Вот так-то, друзья мои… Смейтесь, не смейтесь, но это и о нас, бродягах, старателях тож…
Известный финский журналист и достоевист Ханс Оттман (ему именно и принадлежит открытие могилы предков жены Федора Достоевского, Анны Григорьевны Достоевской-Сниткиной, живших в Турку, по фамилии Мильтопеус), настойчиво помогая мне влезть в это пальто, просил не стесняться, это такой гонорар и знак благодарности. И для тепла телесного, и души. Так он прямо и сказал на своем русском… Я же напомнил ему строку Осипа Мандельштама про «овечье тепло». В тот день стоял в Турку редкий холод, вдруг охвативший весь милый моему сердцу старинный чудный и гостеприимный город на берегу реки, носящей приятное слуху прозвание Аура. Там, у Ботнического залива, где по другую сторону света, на других чухонских берегах, на чистом-пречистом живительном балтийском прозрачном воздухе сосновых берез, колючих кленовых елей и кустов черники, я, некогда бывший дистрофик и бациллоноситель, встал на ноги. И стал тем, кем стал [28].
Примечания
[28] Ах, эти другие берега Ауры-Невы-Мойки-Канавки! Ах, Мнемозина, царица! Всешная Богиня ГОЛКИПЕРА СТИЛЯГИ ВОЛОДИ Набокова и наша… Воистину, прав был изгнанник-тенишевец с Моховой, 33, сказав: «Однажды увиденное — не может быть возвращено в хаос никогда».

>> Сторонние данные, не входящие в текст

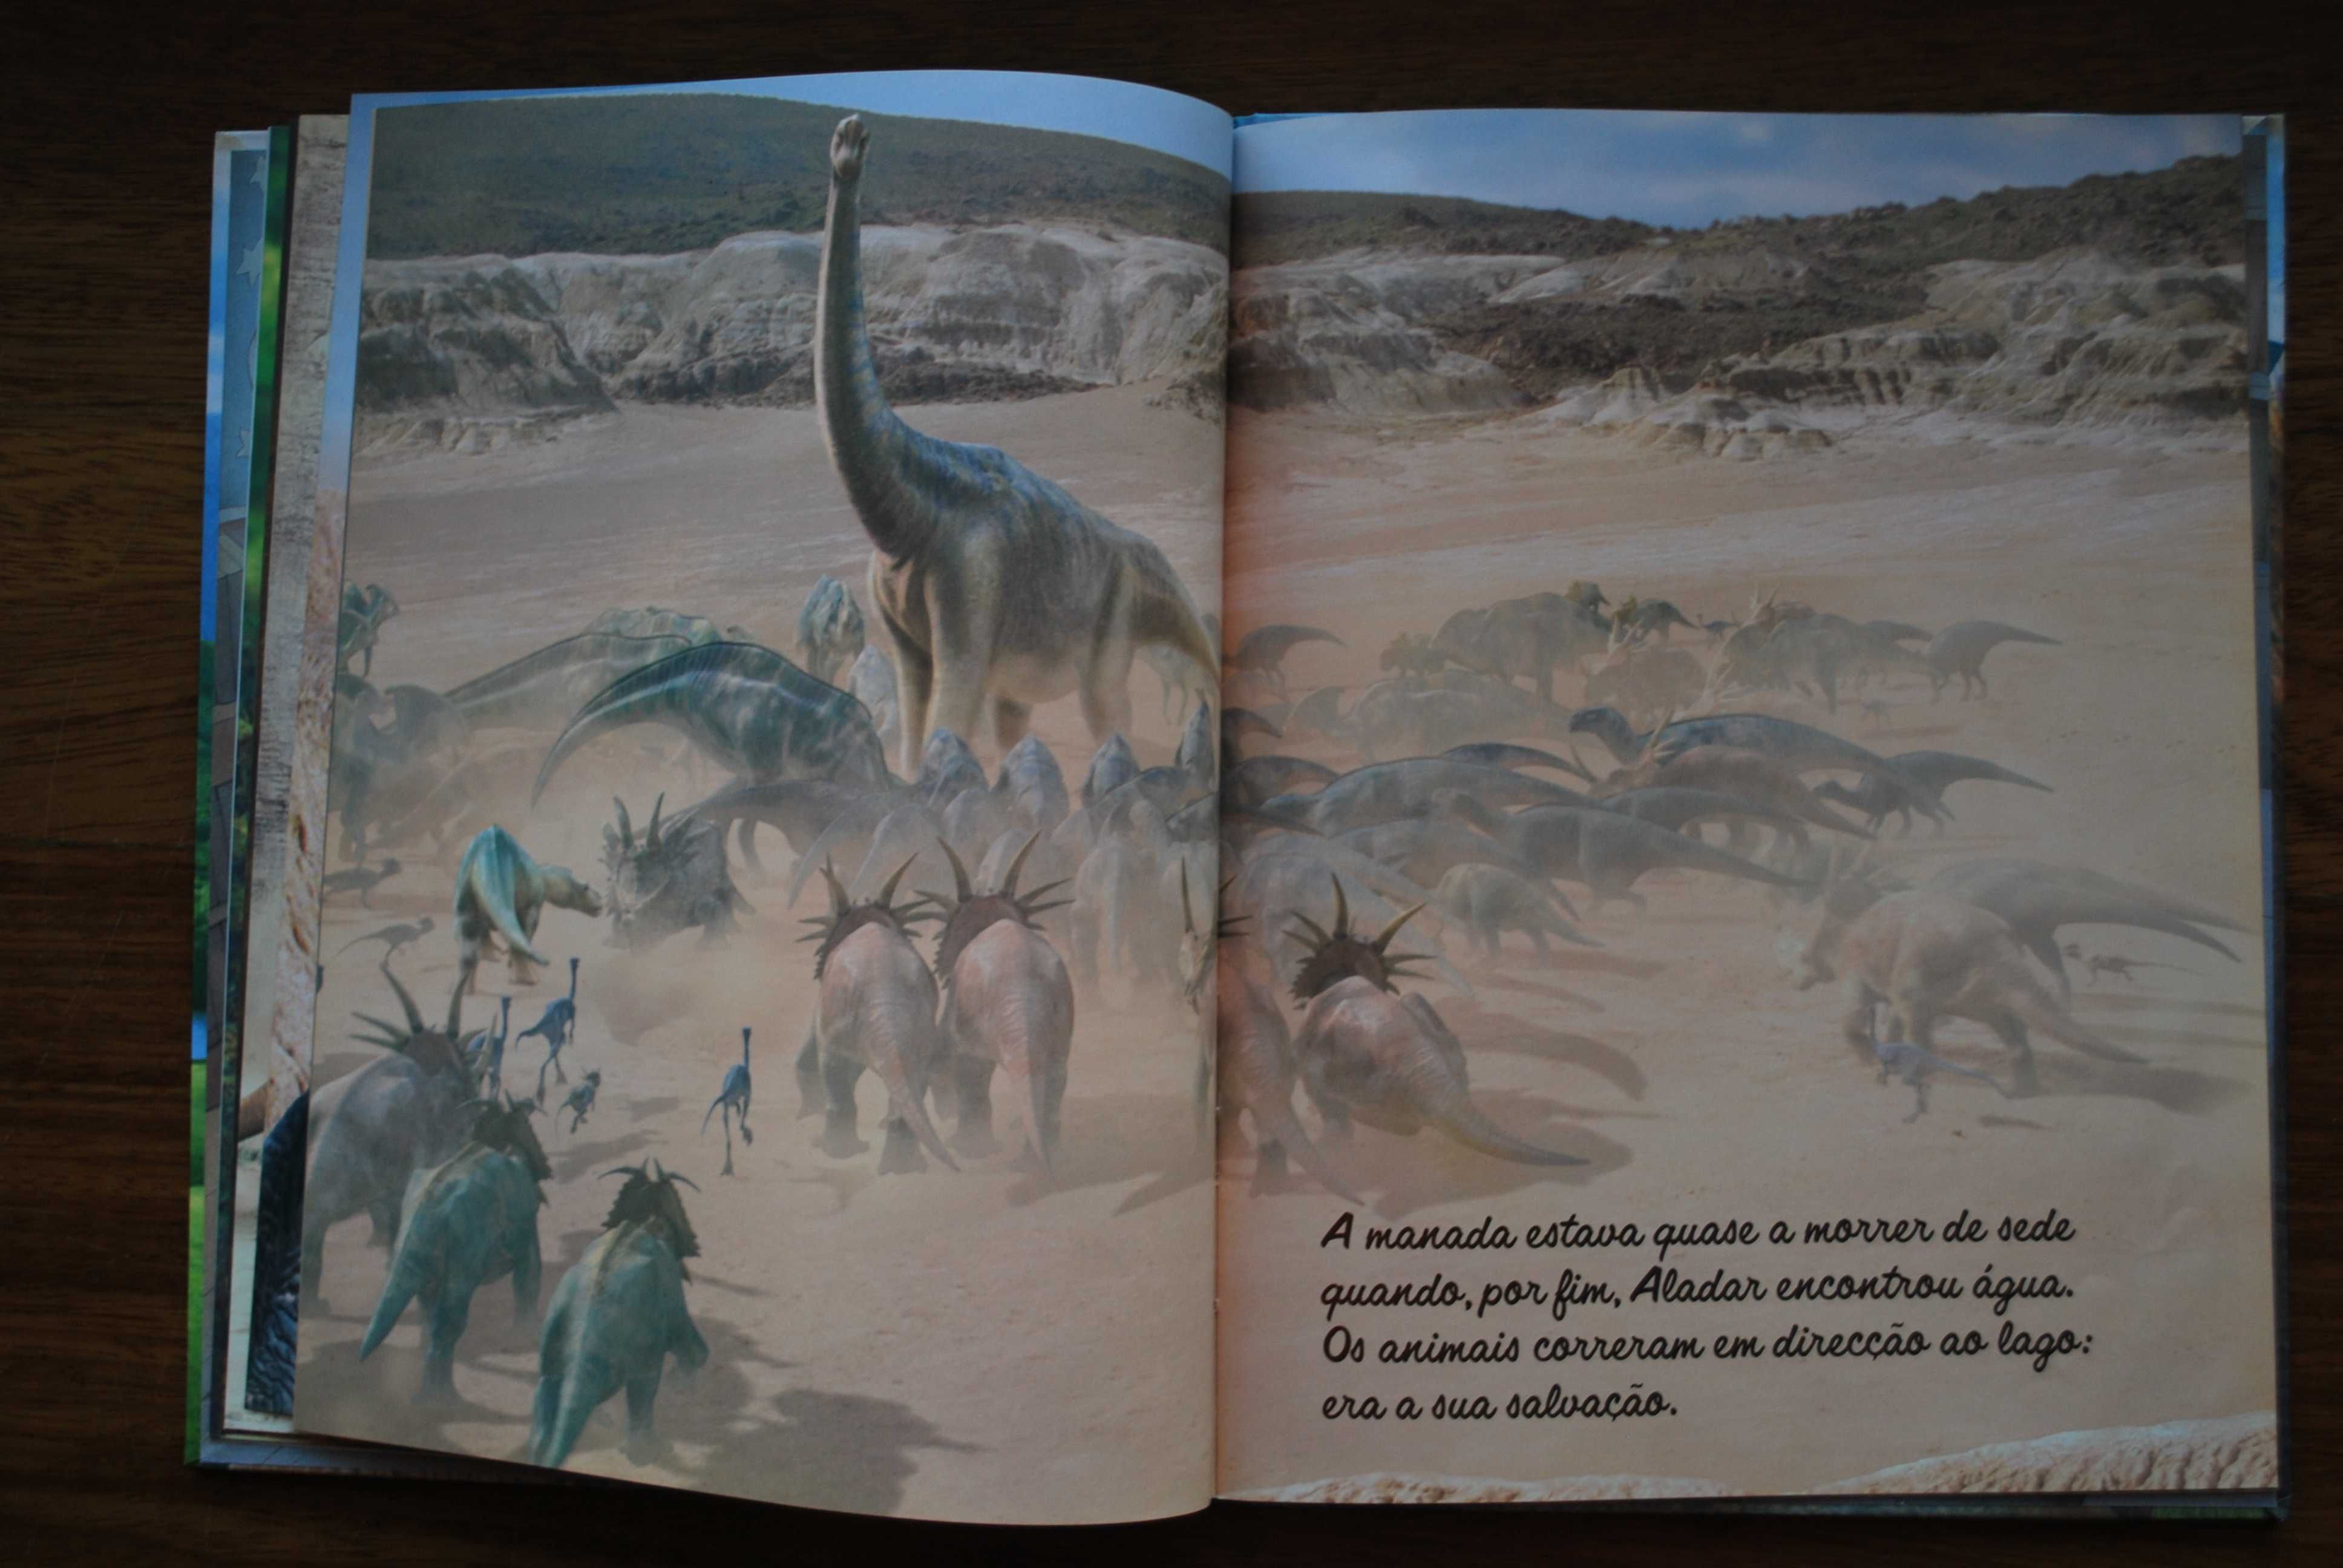 Dinossauro (O Meu Mundo Disney)

Однажды я и увидел Набокова молодым человеком в стильном строгом стройном темном пальто до пят. С оттопыренными ушами и с тростью с изящным загибом — на берлинском пленэре, в петербургской шляпе-котелке и кашне, он смотрел прямо на меня… Это была фотография, простая фотография, должно быть, для друзей-поэтов или для дам друзей поэтов, простая цитата, но она была неумолкаема, дышала, дышала рифмой.

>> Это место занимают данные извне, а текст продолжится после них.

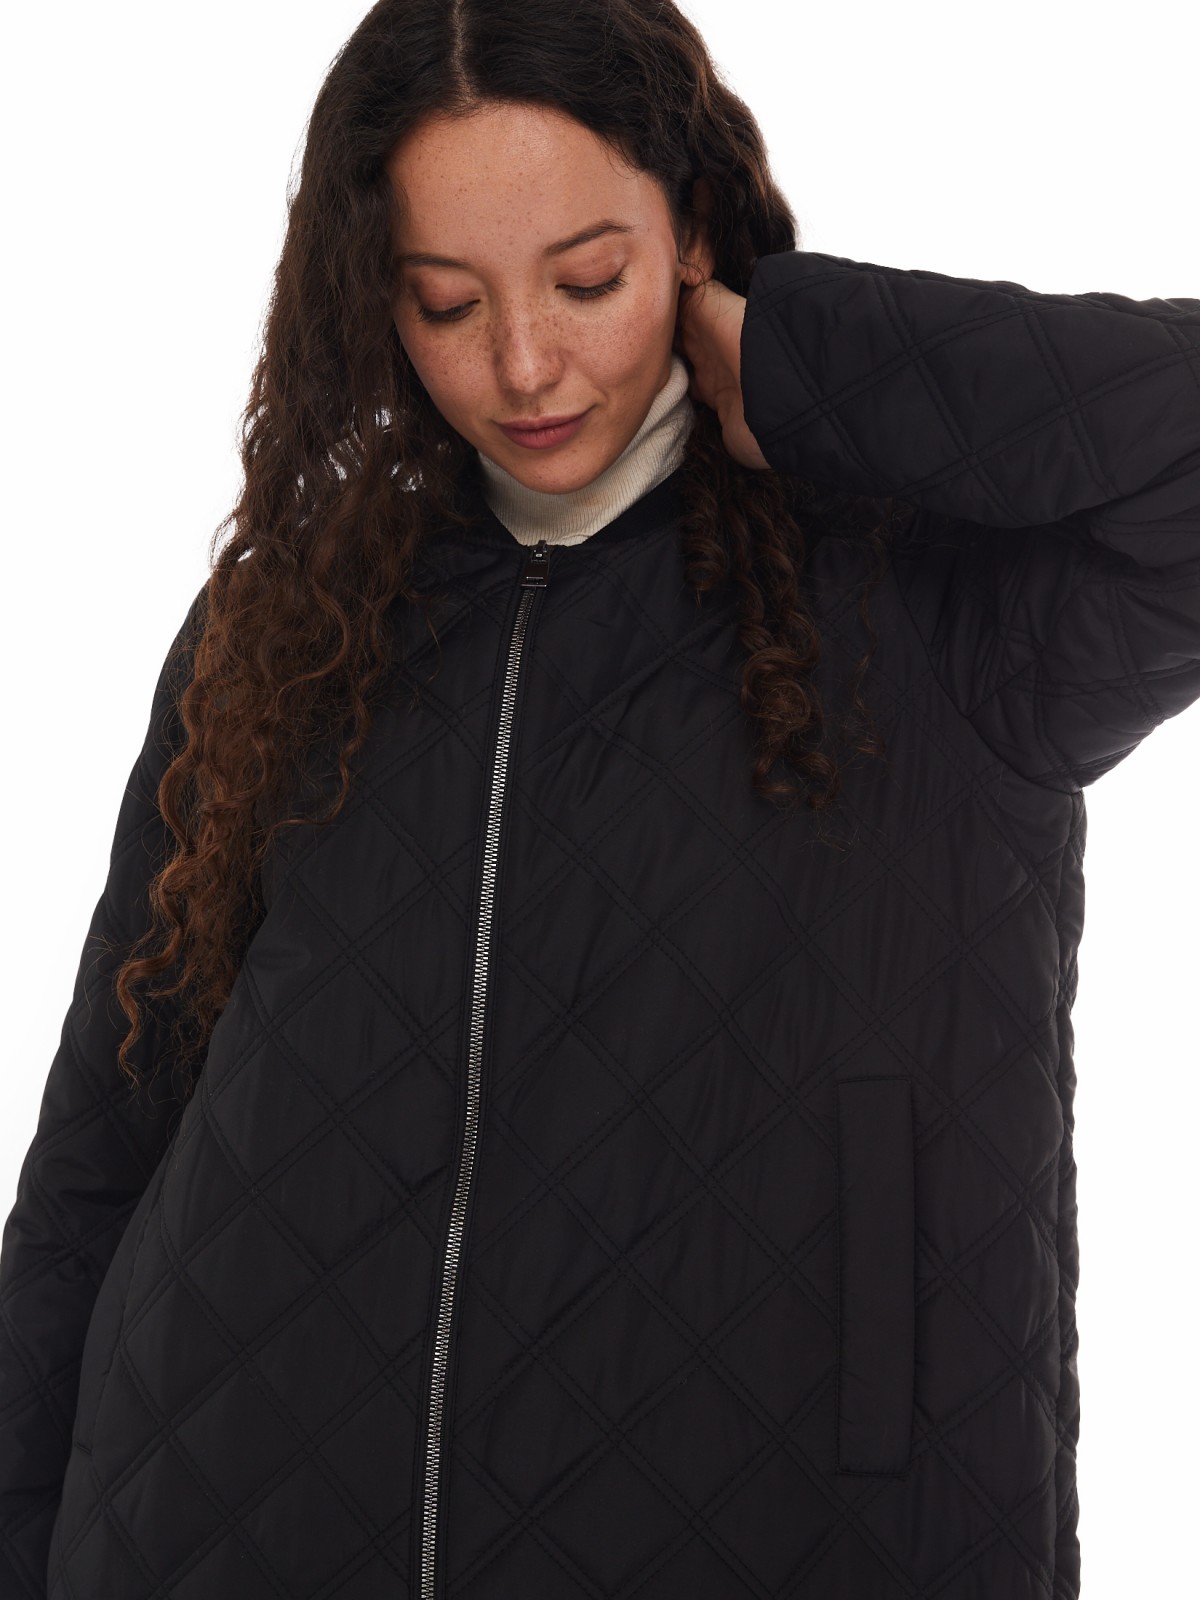 Утеплённое стёганое пальто-бомбер на синтепоне zolla 024125250044, цвет черный, размер XS - фото 4

И уже на обратном пути, в Хельсинки, стоя на подножке поезда «Илья Репин», прощаясь с моим милым щедрым дарителем, коллегой и другом, кутаясь в эту огромную, до пят, овечью шубу, вдруг, в миг единый «увидел»: и Коляна и Борьку и Алчную Аллку и Ханса и Фредди и мою Минну, и даже самого Яшу Скоморовского в нашем нобелевском дворе, в желтых крагах, в синем, небесного цвета реглане на подкладке в серую крыжовенную крапинку, играющего на трубе португальский шедевр о любви и смерти из-за любви «Под знойным небом Аргентины», из репертуара Изочки Кремер, маминой любимицы, Лоева и тюбетейке, братьев Лозинских, памятник Пушкину, писателя Nаbakff-а в своем пальто с твидовом ремешком… И саму Богиню Мнемозину в Летнем Саду, беломраморную, в распахнутом до пят — хитоне…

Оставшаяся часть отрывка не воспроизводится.